The climate in Florida just keeps getting worse—and it’s not only because it’s hurricane season. In a state where the “Stop WOKE” law prevents teaching about diversity, equity and inclusion and teachers lose their jobs over flying Black Lives Matter flags, far-right politicians are also going after the academic freedom made possible by faculty tenure.
Of course, unions are fighting back. On Aug. 7, the AFT announced that three of its affiliates—the United Faculty of Florida and UFF’s Florida State University and University of Florida chapters—filed a lawsuit to prevent university presidents from having sole discretion over firing tenured professors. Such practice flies in the face of legally guaranteed, neutral arbitration, and is especially dangerous because many of these presidents are political appointees of a governor known for assaulting higher education as we know it.
Unpacking the threat
One of the benefits unions have brought to the workplace is due process: When the boss fires you, you get to ask why. Did they let you go for just cause? Or simply because they disagree with your politics?
It’s an especially relevant question on college campuses, where professors are expected to conduct cutting-edge research, explore fresh ideas and lay out all sides of an issue for their students, who deserve to have the broadest learning landscape possible. But academic inquiry is notoriously sticky.
That’s why we have tenure. Tenured faculty are protected from arbitrary dismissal so they can conduct research and teach without trustees and administrators breathing down their necks. Teaching about climate change? Even if there’s an oil baron on the board of trustees, your job should be safe.
Florida’s Senate Bill 266 changes all that. It requires five-year reviews of all tenured professors, challenging the entire premise of tenure. And it allows faculty to be fired without the usual neutral-party arbitration—arbitration designed to protect academic freedom and employment rights. The bill places the final decision regarding faculty dismissal with politically appointed university presidents.
So if you belong to a different political party, inadvertently offend an important donor or, as one former faculty member put it in the Washington Times, have a fender bender with the president’s spouse, you could be dismissed with little recourse.
“Rather than follow the guidance of an impartial arbitrator, [this] law allows employers to make unilateral decisions that affect the livelihood of thousands of workers in the state of Florida,” says AFT President Randi Weingarten. “We must stand up for the rule of law, and for freedom of contract and freedom of speech, not just for those we agree with, but for everyone. Gov. Ron DeSantis and Commissioner of Education Manny Diaz Jr. want to do the opposite—and that is why we’re taking them to court.”
This is UFF’s second challenge to SB 266’s arbitration ban. Its first suit calls the ban a violation of the right to collective bargaining and alleges it breaks UFF’s collective bargaining agreements. That suit is centered on New College of Florida, where DeSantis has appointed political allies who have turned a campus known for its diversity and inclusion upside down.
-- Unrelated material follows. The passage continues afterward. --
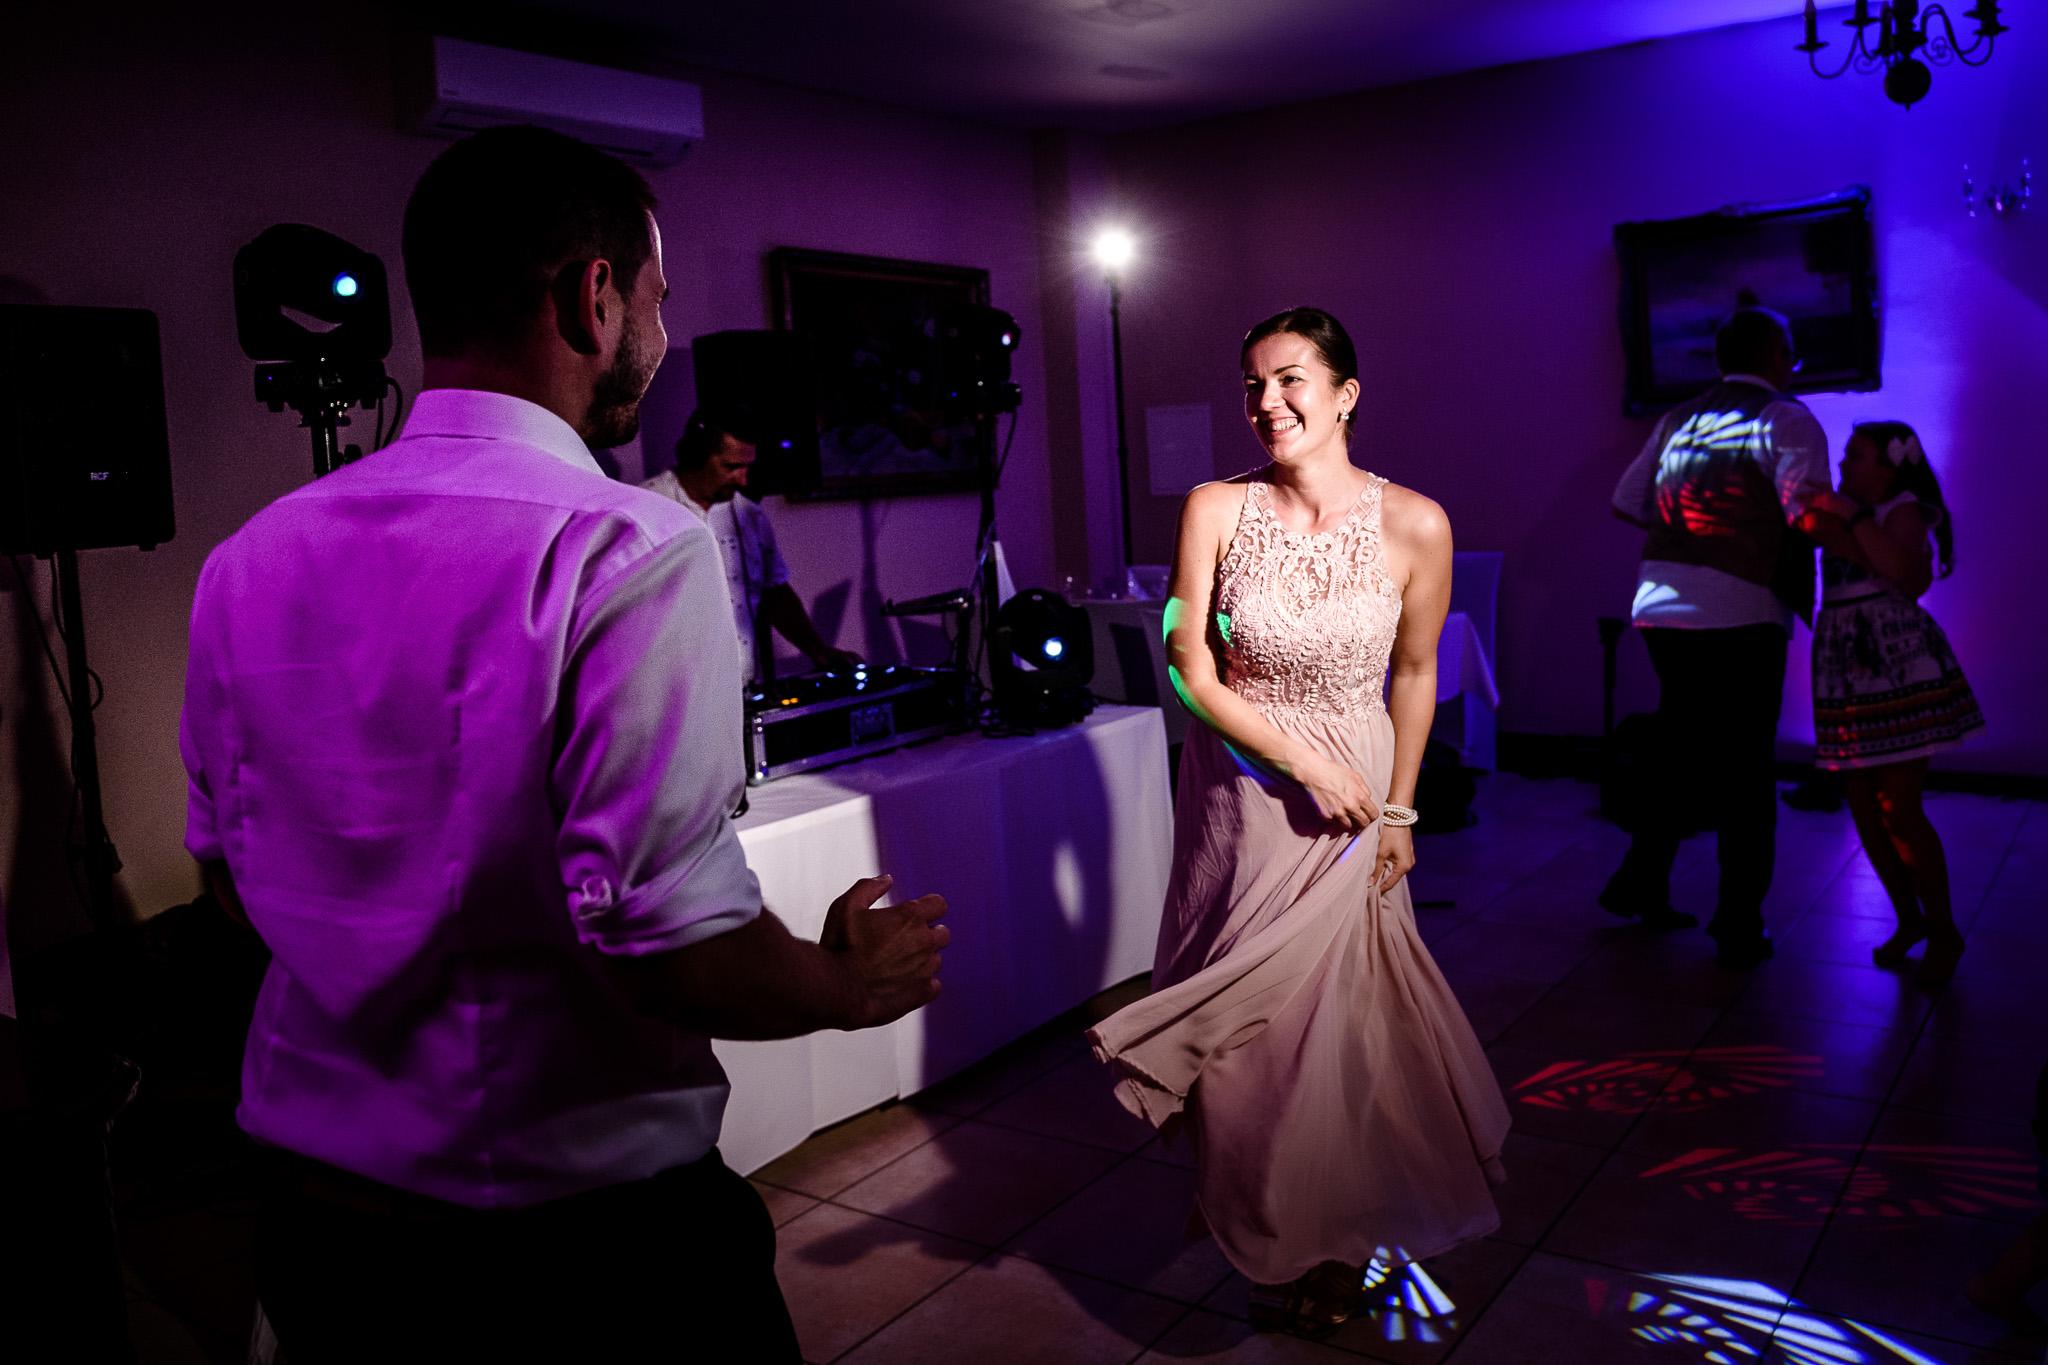 Svadba St. Petrus, Svätý Peter 04 #svadobnyDJ, #djanasvadbu, #svadba, #stpetrusvini, #DJAnavi

New College faculty also filed a suit Aug. 6.
“It’s a special kind of circular logic that has to take place when you tout higher education as the reason your state’s education system is doing well and, in the same breath, actively take away rights from the very employees that make Florida’s university system one of the most respected in the nation,” says Florida Education Association President Andrew Spar. “Yet this is exactly what workers have come to expect from Gov. DeSantis and Commissioner Diaz Jr. They pretend to care about teachers, professors, students and workers and then turn around and make policies and decisions that go against their interests, usually in favor of their own political ideology.”
“We must ask ourselves who a law like this truly serves. Because it’s not faculty members, it’s not graduate assistants, it’s not our students and it’s not our state,” says UFF President Teresa M. Hodge. “At the United Faculty of Florida, we remain firm in our commitment to ensure Florida’s higher education faculty, graduate assistants, DRS schools [Developmental Research Schools at Florida Agricultural and Mechanical University] and students are represented and advocated for at all levels of our state. Every employee in Florida has the constitutional right to join a union and to collectively bargain for better working conditions. UFF will never stop fighting for these protections.”